Nein, da war es wieder. Und es kam auch nicht von draußen, sondern von der Wand. Joe schlich zwischen zwei Kartonstapeln hindurch und legte sein Ohr gegen die frisch gestrichene Tapete. Da war etwas, ganz leise nur. Eine Art Schaben. Joe presste das Ohr fester an die Tapete. Ein paar Sekunden lang war alles still, dann ertönte das Rascheln und Schaben erneut. Es klang, als würde sich etwas durch die Wände schieben.

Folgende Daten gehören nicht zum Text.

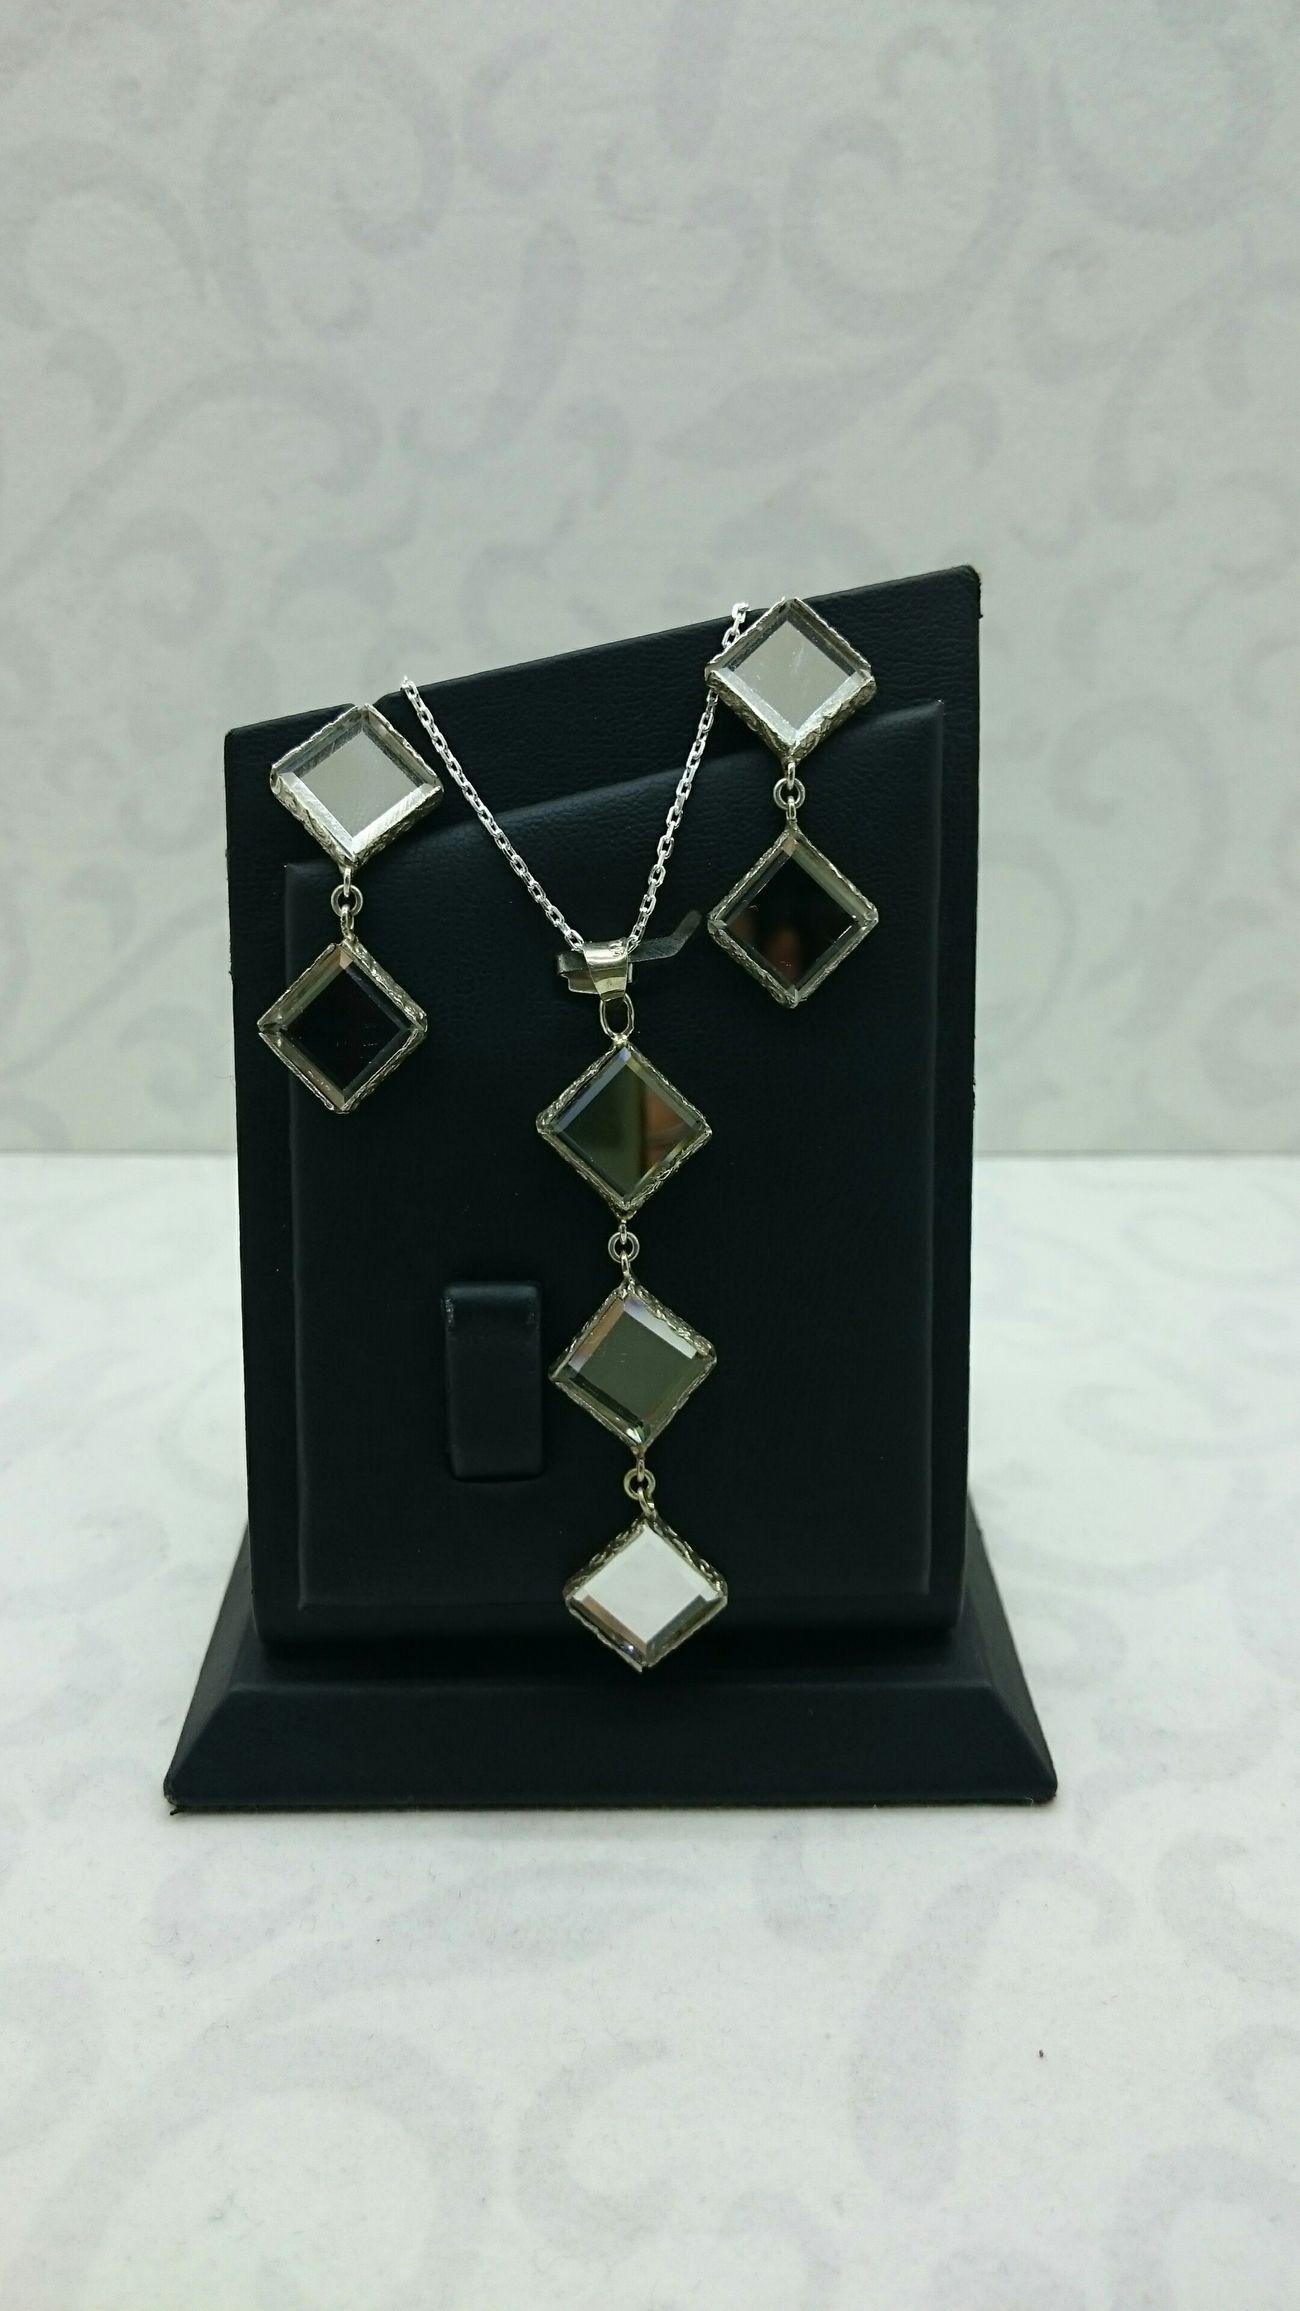 Kristal aynalı 925 ayar gümüş küpe kolye setimiz zinciriyle birlikte 100 TL kargo dahil Silver  Handmade Jewellery Elyapımı Gümüş Kolye Küpe Ayna Mirror Handmade Handmade Jewelry

Joe wich zurück und starrte ungläubig die Tapete an, die sich plötzlich nach außen wölbte, als würde sich ein gewaltiger Körper von innen gegen sie stemmen. Und dann …
RITSCH – RUMS!
… riss ein koffergroßes Stück Tapete aus der Wand und krachte auf den Boden. Staub wirbelte auf. Eine Hand wedelte in ihm herum, begleitet von Husten; einem Husten, der Joe bekannt vorkam. Er ging in die Knie. In der Wand prangte ein gezacktes Loch. Und in dem Loch hockte Rebecca.
»Was machst du da?«, fragte Joe entsetzt.
»Ich habe einen Geheimgang gefunden«, erwiderte seine Schwester und hustete erneut. »Führt von meinem Zimmer direkt zu deinem. Aber das ist noch nicht alles.«
»Rebecca? Joe?« Das war Dads Stimme. »Alles in Ordnung? Was hat denn da so gerumst?«
»Rebecca…«, rief Joe, doch seine Schwester legte den Finger auf ihre Lippen.
»Da ist noch ein anderer Gang«, flüsterte sie. »Wir finden raus, wohin er führt. Los, komm!«
Damit drehte sie sich um und verschwand in der Dunkelheit. Joe starrte ihr unschlüssig nach.
»Was ist mit Rebecca?«, rief Dad von unten.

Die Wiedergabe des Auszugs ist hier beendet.